Ok, fine. But I'm not sure how this helps if you have six different systems with six different definitions of a customer, and more importantly, different relationships between customers and other objects like orders or transactions or locations or communications.
I don't see their approach as ground-breaking, but it is definitely worthy of discussion.
by loquisgon on 5/17/22, 4:10 PM
I got interested when the different spectrum points of json and relational were contrasted. So I read the whole thing. I got lost and disheartened when the new terminology, starting with the super-structured name was introduced and completely went downhill with the other z names. Maybe it's just me and maybe it is like quantum mechanics and any other innovation where new names don't make sense and feel ugly.
by feoren on 5/17/22, 10:24 PM
Wow, what a waste of time.
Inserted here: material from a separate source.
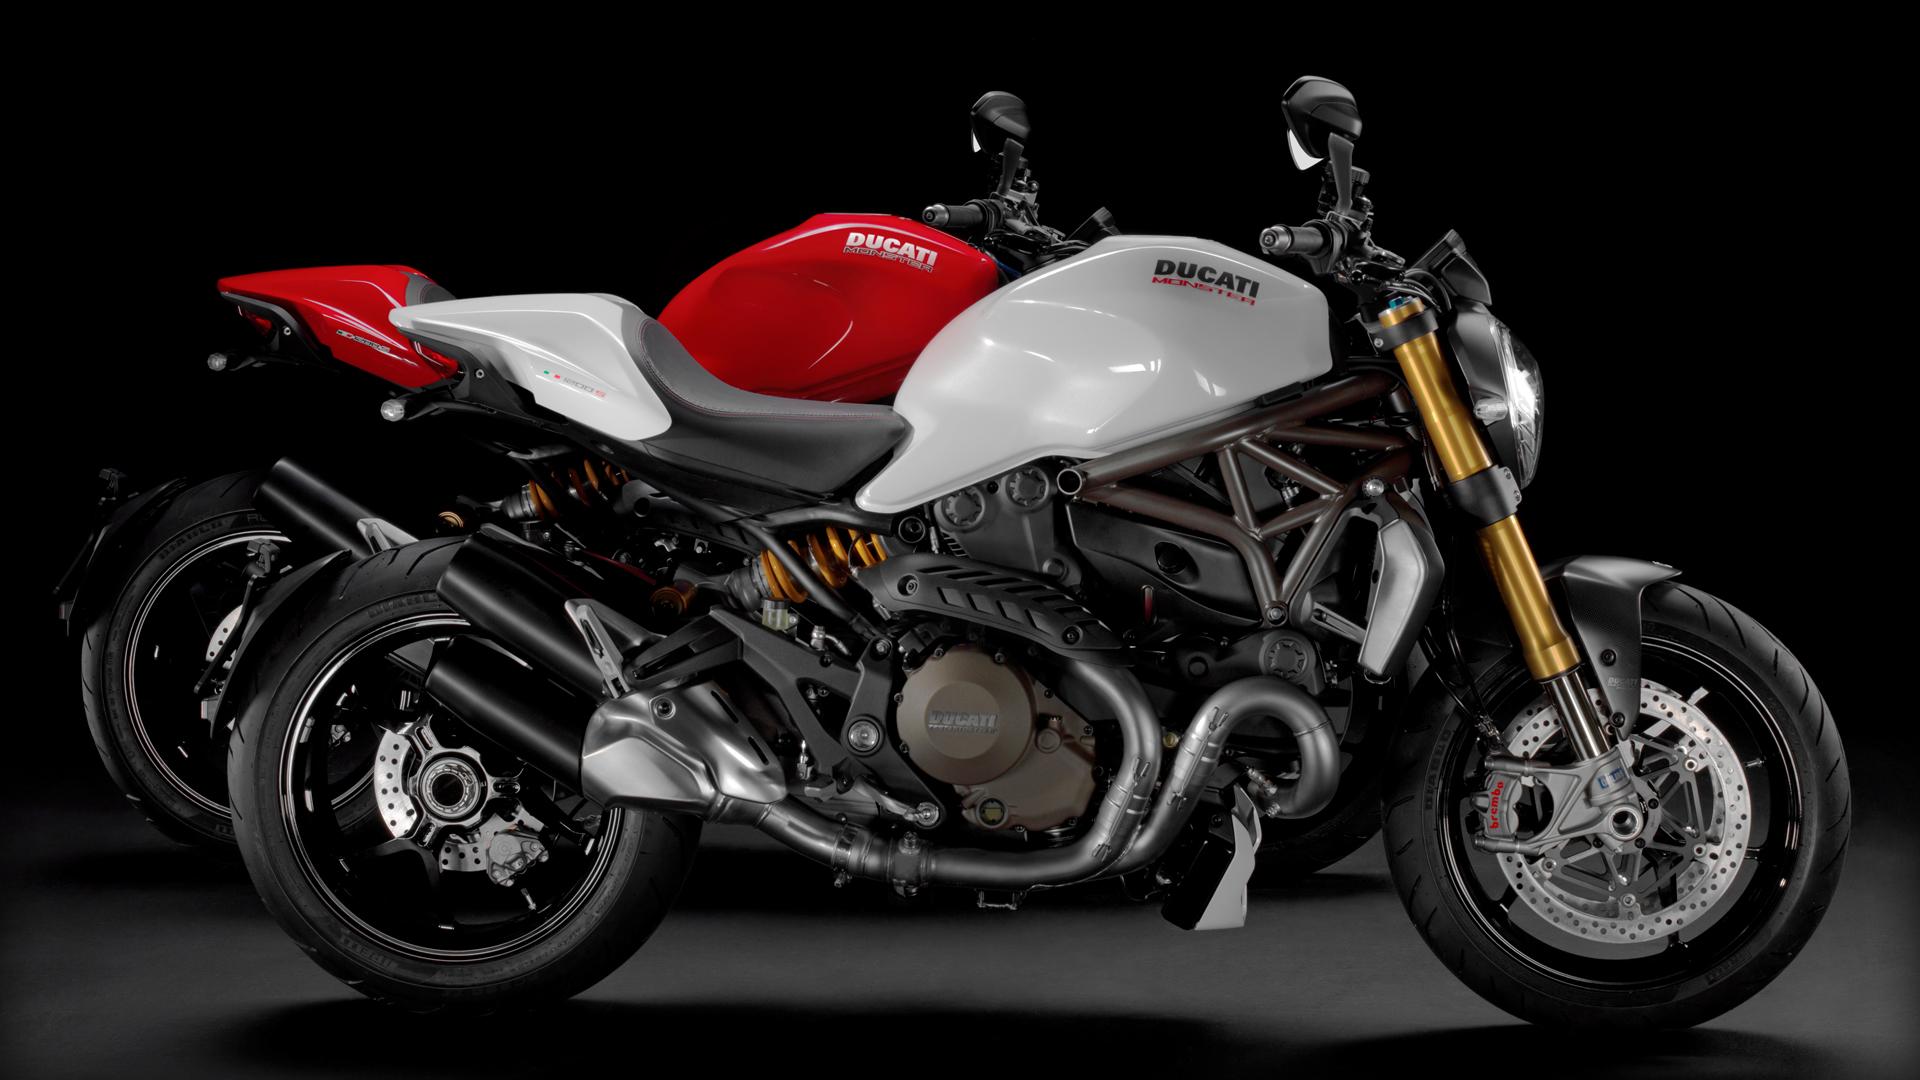 2014 Ducati  | Ducati Monster 1200 S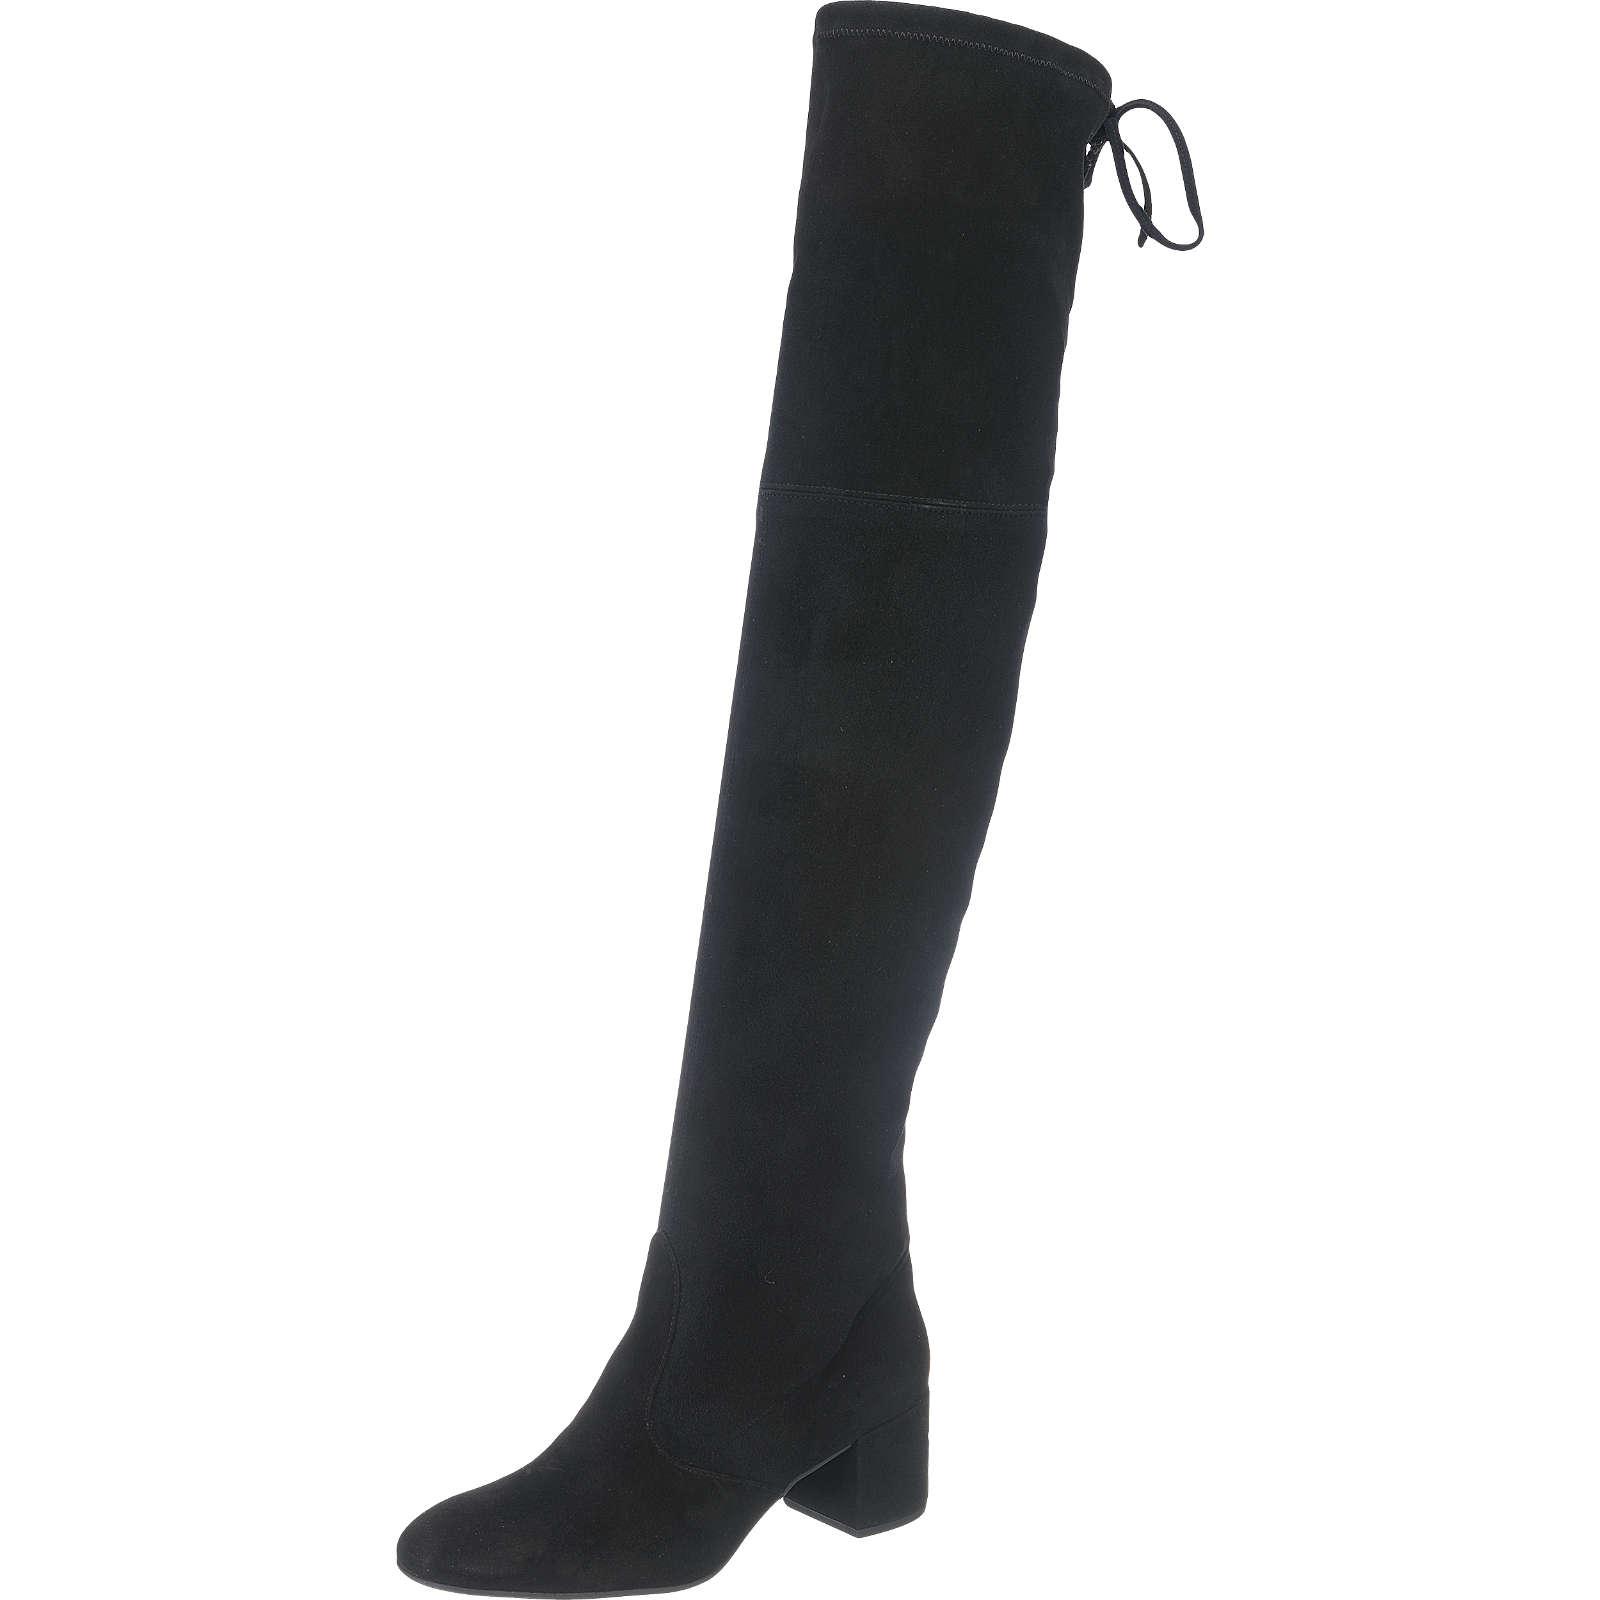 högl Stiefel schwarz Damen Gr. 37,5

I've been doing it correctly for so long that I forget that virtually everyone else on the planet has no idea how to build a good data model. What pisses me off is that I actually have the right answer on how to avoid all of this pain, but if I typed it out here I'd either waste my time and get ignored or (much, much less likely) get my idea poached. It takes hours to fully communicate anyway. What do you do when you know you're sitting on an approach & tech that could revolutionize the X-hundred-billion-dollar data management industry but you can barely even get your own fucking employer to take you seriously?
Anyway this article is crap and gets everything wrong, just like all of you do. Whatever, nothing to see here I guess.